Re: Re[2]: Save embedded files to disk

Posted by Yury Batrakov <ba...@gmail.com>.
On 5/7/08, Yegor Kozlov <ye...@dinom.ru> wrote:
>  I'm note sure about ZIP, text or other formats. I searched the spec
>  but didn't find a clue. My advice is to look at CompObj. Every embedded
>  entry seems to have it. Try to parse this data, may be you will figure out the pattern.

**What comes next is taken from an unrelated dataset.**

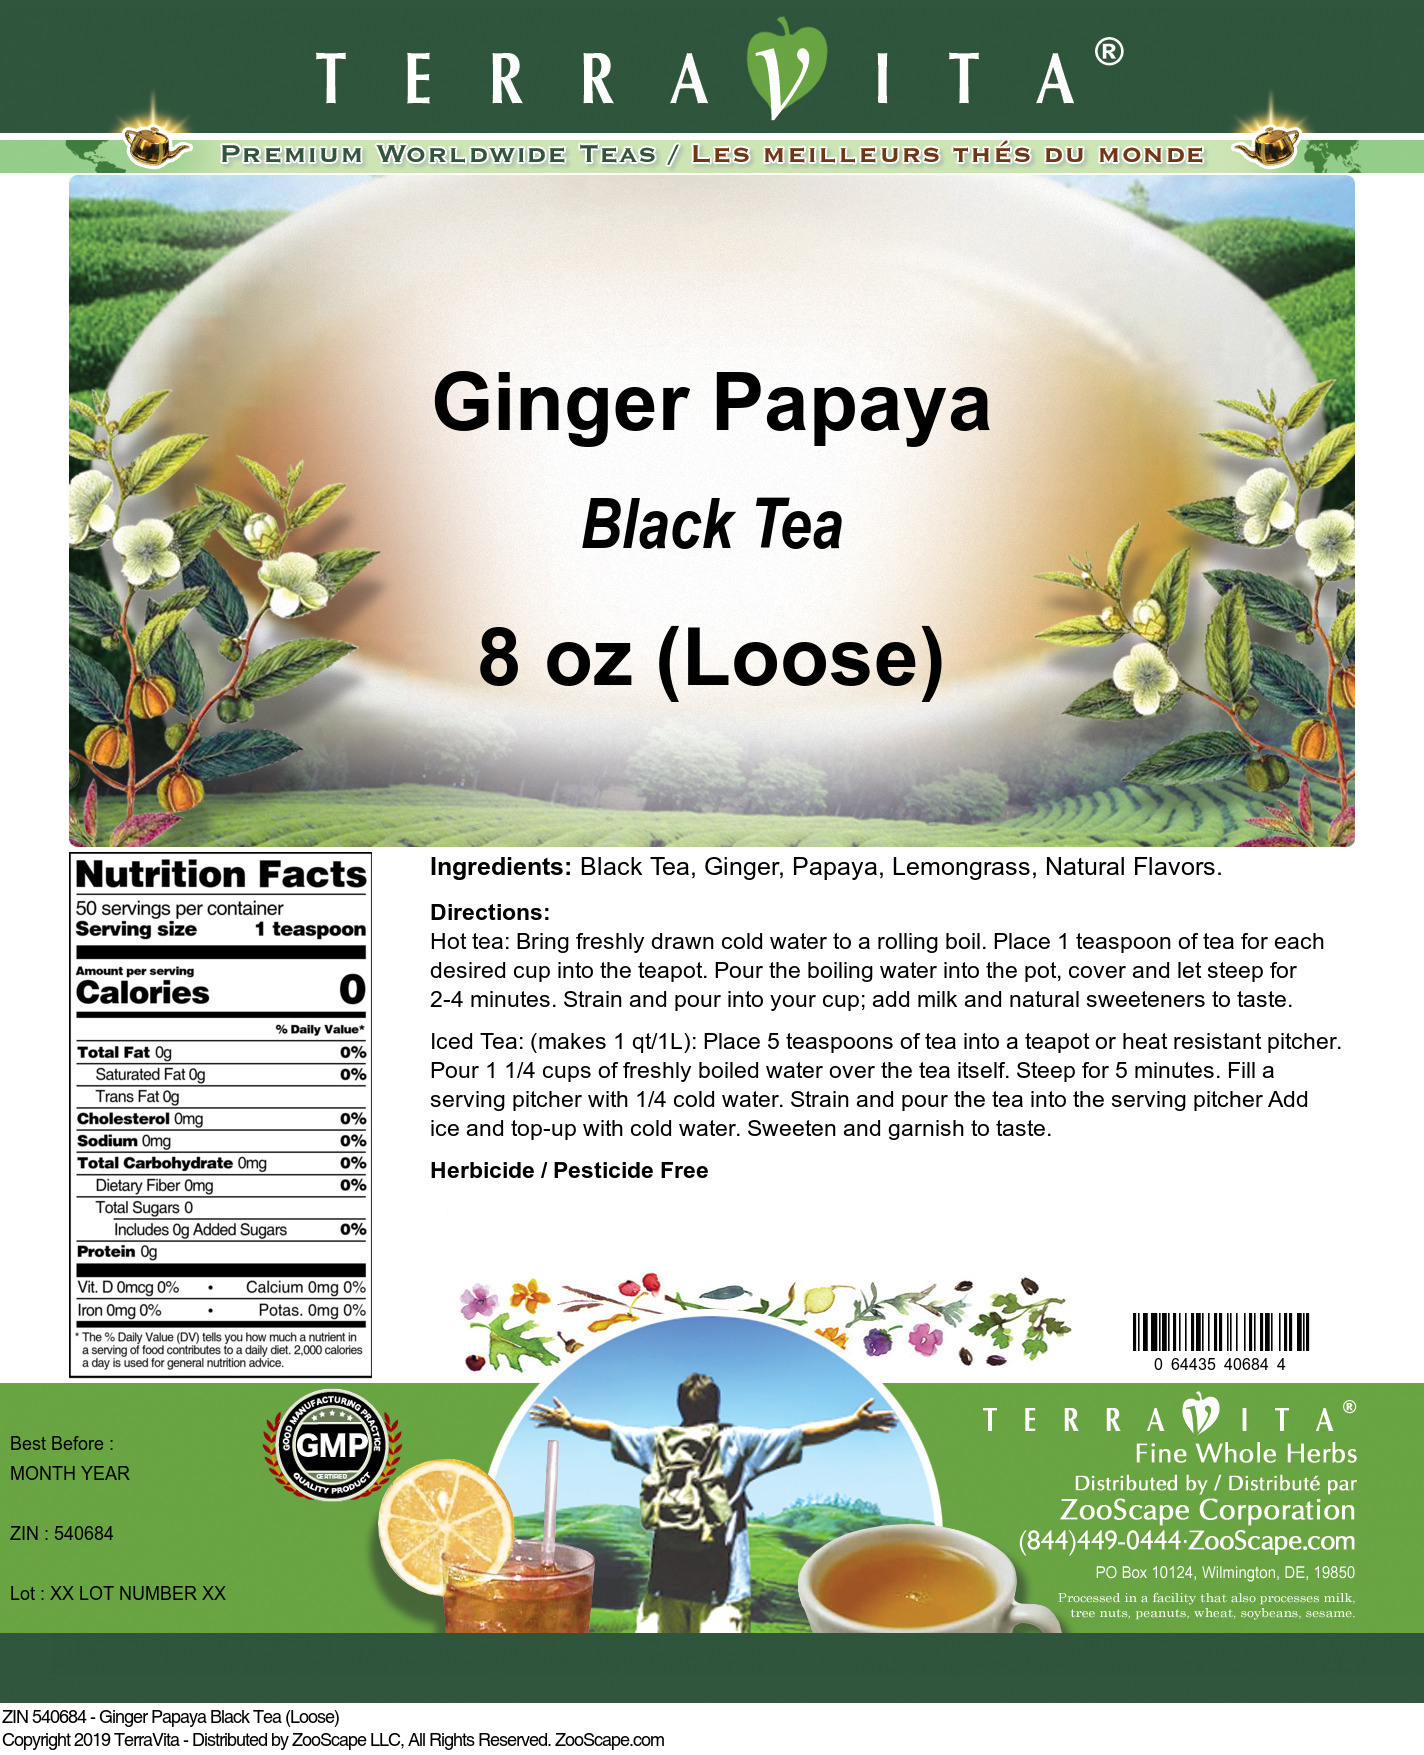 Ginger Papaya Black Tea (Loose) - Label

The spec is as messy as the format is :)  Thanks, I'll try to parse CompObj

---------------------------------------------------------------------
To unsubscribe, e-mail: user-unsubscribe@poi.apache.org
For additional commands, e-mail: user-help@poi.apache.org


Re[2]: Save embedded files to disk

Posted by Yegor Kozlov <ye...@dinom.ru>.
> But what's about getAllEmbeddedObjects()? Does it parse object streams
> or It relies on OLE stream names? Is there big impact to wtite
> functions to dump these objects to disk?

Embedded OLE data is stored in the host-defined format. It means that
depending on the data the structure of directory entries can be
different.
For example:
 XLS:
     CompObj
     DocumentSummaryInformation
     SummaryInformation
     Workbook
 DOC:
     CompObj
     DocumentSummaryInformation
     SummaryInformation
     WordDocument
 ZIP:
     CompObj
     ObjInfo
     Ole
     Ole10Native
 TEXT:
  ???
 VISIO
  ???
 PDF
  ???
.....

In case if the embedded entry is a xls, ppt or doc you can save it with
appropriate extension and it will be "real" office document. You
should be able to open it in MS Office or by POI.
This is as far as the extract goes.